Well you seem to have read a lot of things into a 3 sentence post. I never suggested this was anything other than the discovery of bacteria capable of fixing Arsenic. It was you who brought up DNA encoding when the article is about this discovery offering 'new hope in the search for other organisms on Earth and beyond', you bizarrely lament this discovery because it wasn't a different discovery.

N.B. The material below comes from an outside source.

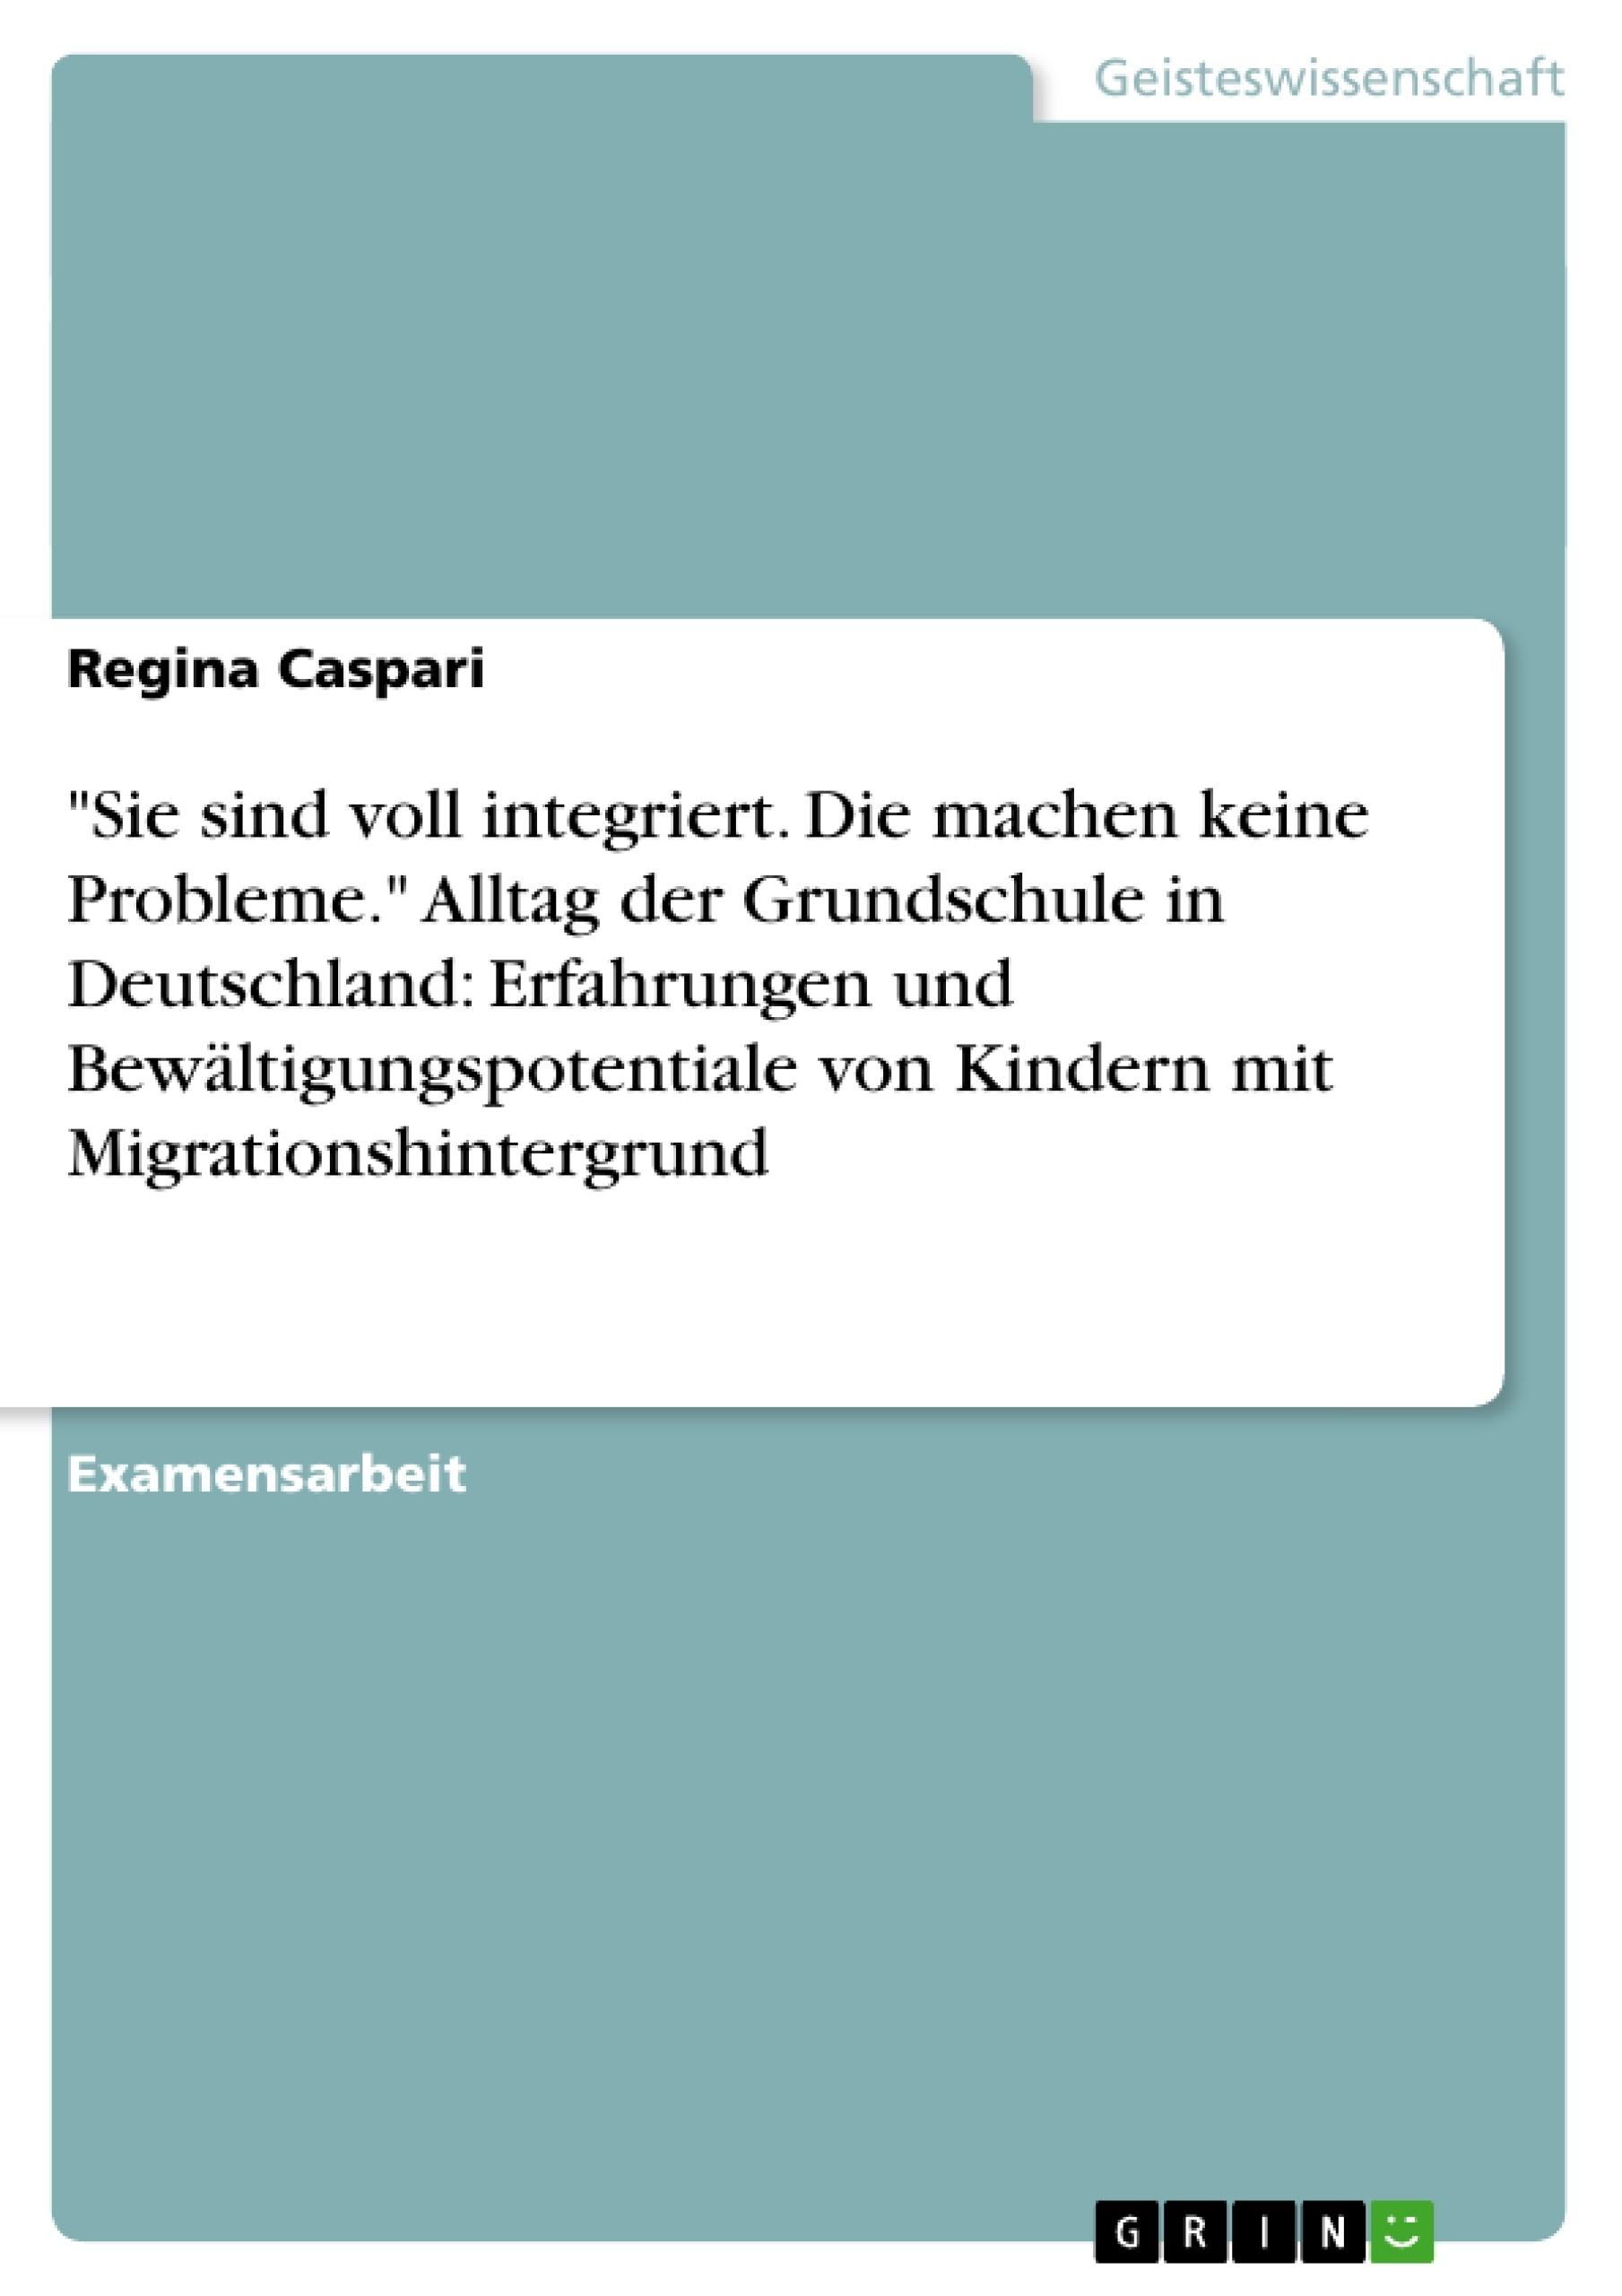 """Titel: """"Sie sind voll integriert. Die machen keine Probleme."""" Alltag der Grundschule in Deutschland: Erfahrungen und Bewältigungspotentiale von Kindern mit Migrationshintergrund"""

There's nothing wrong with a bit of passion and excitement in your work, it's science not accountancy, and it would have been a rather flat article if it was a bunch of dull quotes saying nothing and offering no thoughts or opinions. You object to speculation, why? speculation is important, it's not as if this is being rushed out to the masses as the definitive answer to the emergence of life. Why not speculate and imagine, and allow it to take you into other areas of research and ideas.

I spoke about religion, not god, there's a difference. The entity(s) 'God' is indeed, by most definitions, out of the realm of science, but religion is full of, and to many dependent on, claims, stories and miracles that directly conflict with scientific findings. I was suggesting that scientific discovery in general - not this latest discovery, hence it being added as a plus point after saying 'Nature and scientific discovery are wonderful things' - has, and does, continue indirectly to give religion the near coup de grâce kick in the sacks it deserves. Of course it's not the 'aim' of science to disprove religion, that's the bonus that comes from it as far as I'm concerned. You may not care in the slightest about religion, fine, but I see it as sinister, harmful, abusive and restricting. I'm suprised, given the oft abuse of science by creationists - a young earth, law-violating evolution, intelligent design and irreducible complexity etc. that you aren't in anyway concerned that this misapplication of science, in the name of religion, is being fed as fact to children from birth to deny them their natural choices, opinions and personalities.

As to your final advice, 'I would advise you to study much more science in detail...', firstly, don't be patronising; and secondly,'it's cool', yes I know, that was the sodding reason for my post.